Voyant les troupes vieillir et n’envisageant pas comment elles pourraient maintenir la cadence (et encore moins l’augmenter) pour répondre à ces attentes considérables, il a préféré passer à autre chose, non sans ajouter une quatrième Coupe Stanley consécutive et un autre Trophée Vézina (partagé avec Michel Larocque) à la fin de la saison.  Jamais Dryden n’emploie de tels mots, mais en lisant ceci, j’ai eu l’impression qu’en traversant une ligne, l’exigence d’un public devient de l’ingratitude, ligne qu’a allègrement franchi le très gâté public montréalais (15 Coupes en 24 ans). Exigence qui, à mes yeux, a éventuellement aussi coûté cher aux Alouettes et aux Expos.

Sur une base plus macro, Dryden réfléchit au sujet de la violence dans le hockey, de l’influence des Soviétiques et de l’importance du hockey dans la culture canadienne. Il s’attarde aussi à la tentative ratée d’américanisation du hockey, avec les expansions à tous crins des années 1970, qui culmine avec l’échec médiatique de la Coupe du défi.

Dryden démontre également que pendant ses années à Montréal, ville qu’il a appréciée, il n’a pas vécu dans une bulle. Considérant le Montréal anglophone petit et restreint, il se devait d’embrasser la ville au complet, côté franco inclus. Politiquement en ébullition, il a vu le déroulement des années 1970 au Québec. On sent qu’il comprend ce qui s’y passe et qu’il s’y intéresse. Il parle du rôle identitaire des Canadiens au Québec, de la dynamique franco/anglo de la chambre et de la montée du Parti québécois.

Il mentionne aussi son passage à l’émission de Lise Payette, Appelez-moi Lise, en 1972, où il a angoissé, croyant que son français n’était pas assez bon (comme c’est souvent le cas chez les anglophones). Bien sûr qu’il n’a pas la même éloquence en français qu’en anglais, mais il demeure qu’on lui a parlé positivement de cette entrevue pendant des années.

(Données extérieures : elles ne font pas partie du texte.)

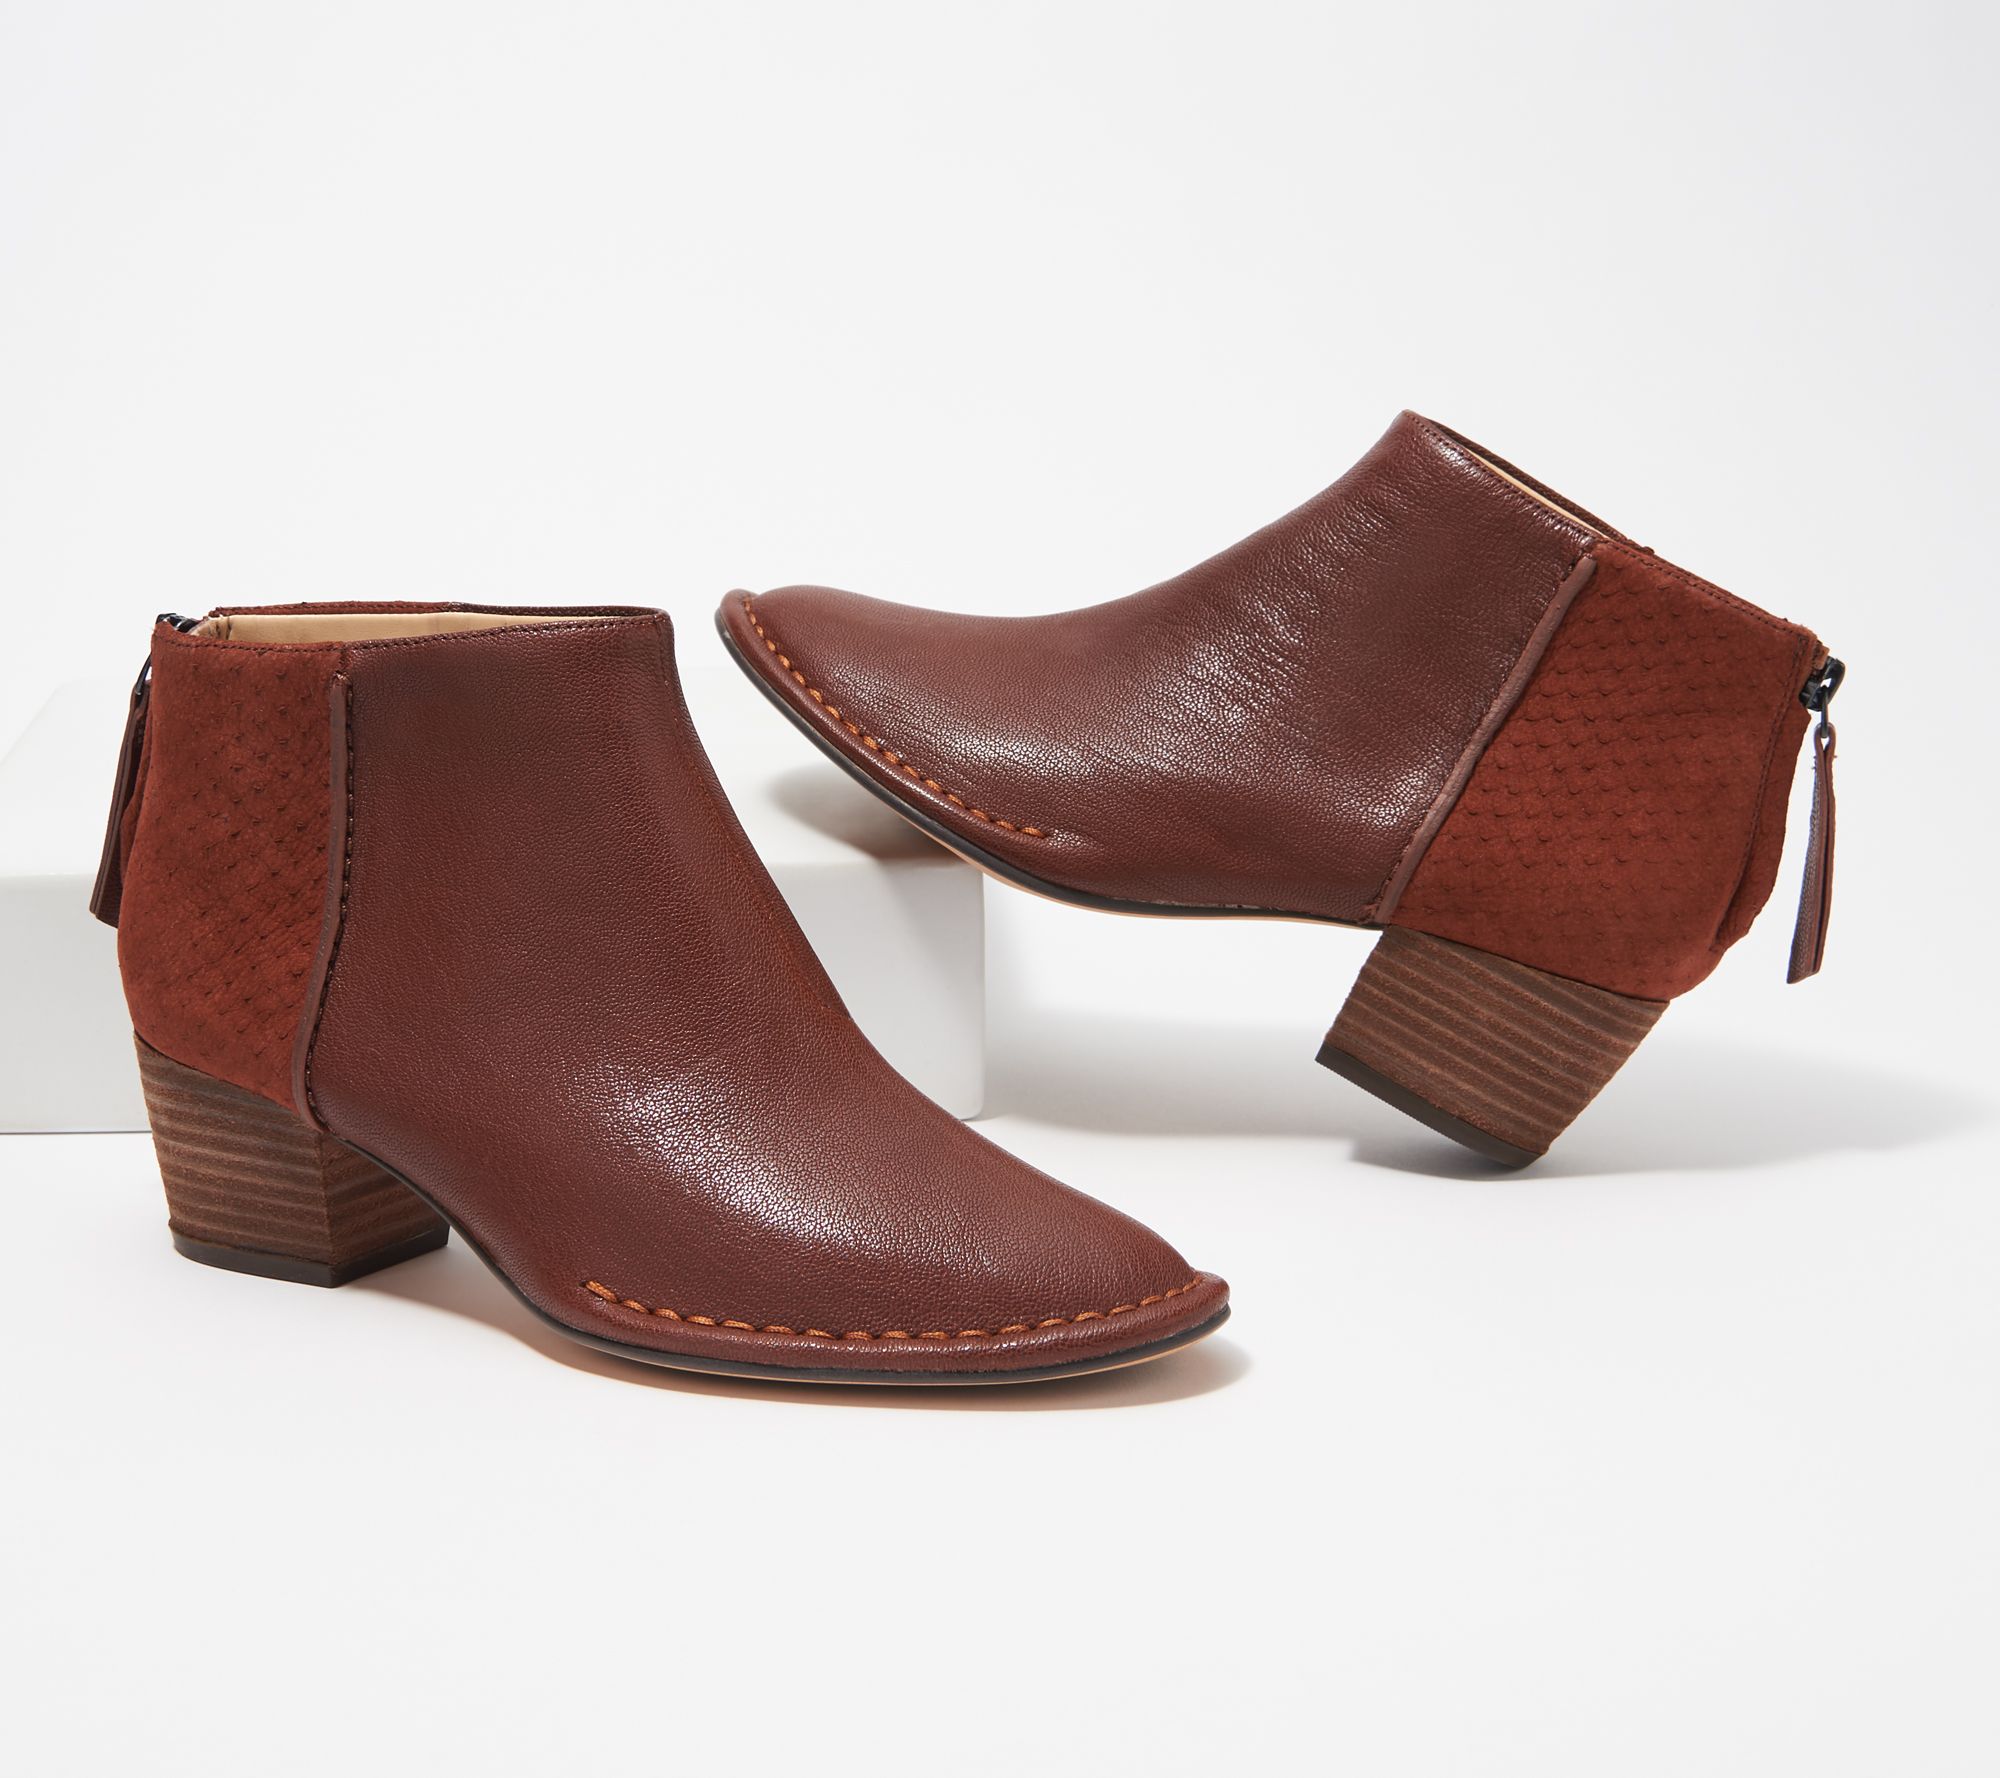 Clarks Leather Ankle - Ruby QVC.com

Lors de la réédition de 2003, vingt ans après sa sortie, un chapitre a été ajouté où il couvre la fin de la domination des Canadiens, le rôle croissant de l’argent et l’impact qu’a eu Wayne Gretzky. Il fait également l’inventaire de tous ses anciens coéquipiers qui occupaient des postes dans la LNH incluant, à sa grande surprise, Steve Shutt, qui a été assistant-entraîneur.

À noter que la traduction a été refaite en 2008, puisque celle-ci n'était pas à la hauteur aux yeux de Dryden, et confirmé par mon collègue Kirk McLean.  Donc, à garder en tête si vous magasinez du côté des livres d'occasion.

Il s’agit donc d’un livre qui ratisse large, réfléchi, franc, écrit dans un style assez littéraire et qui offre un accès privilégié à tout ce qui touche de près ou de loin au hockey. Le fait qu’il se passe au sein des Canadiens ajoute bien sûr à l’intérêt, puisque les références nous sont plus familières, autant au niveau sportif que sociologique.

À lire donc, si ce n’est pas encore fait.

Source :

Dryden, Ken, The Game, HarperCollins, Toronto, 1983 (réédition de 2013),

"The Top 100 Sports Books of All Time" de Pete McEntegart, L. Jon Wertheim, Gene Menez et Mark Bechtel, December 16, 2002, Sports Illustrated (sportsillustrated.cnn.com).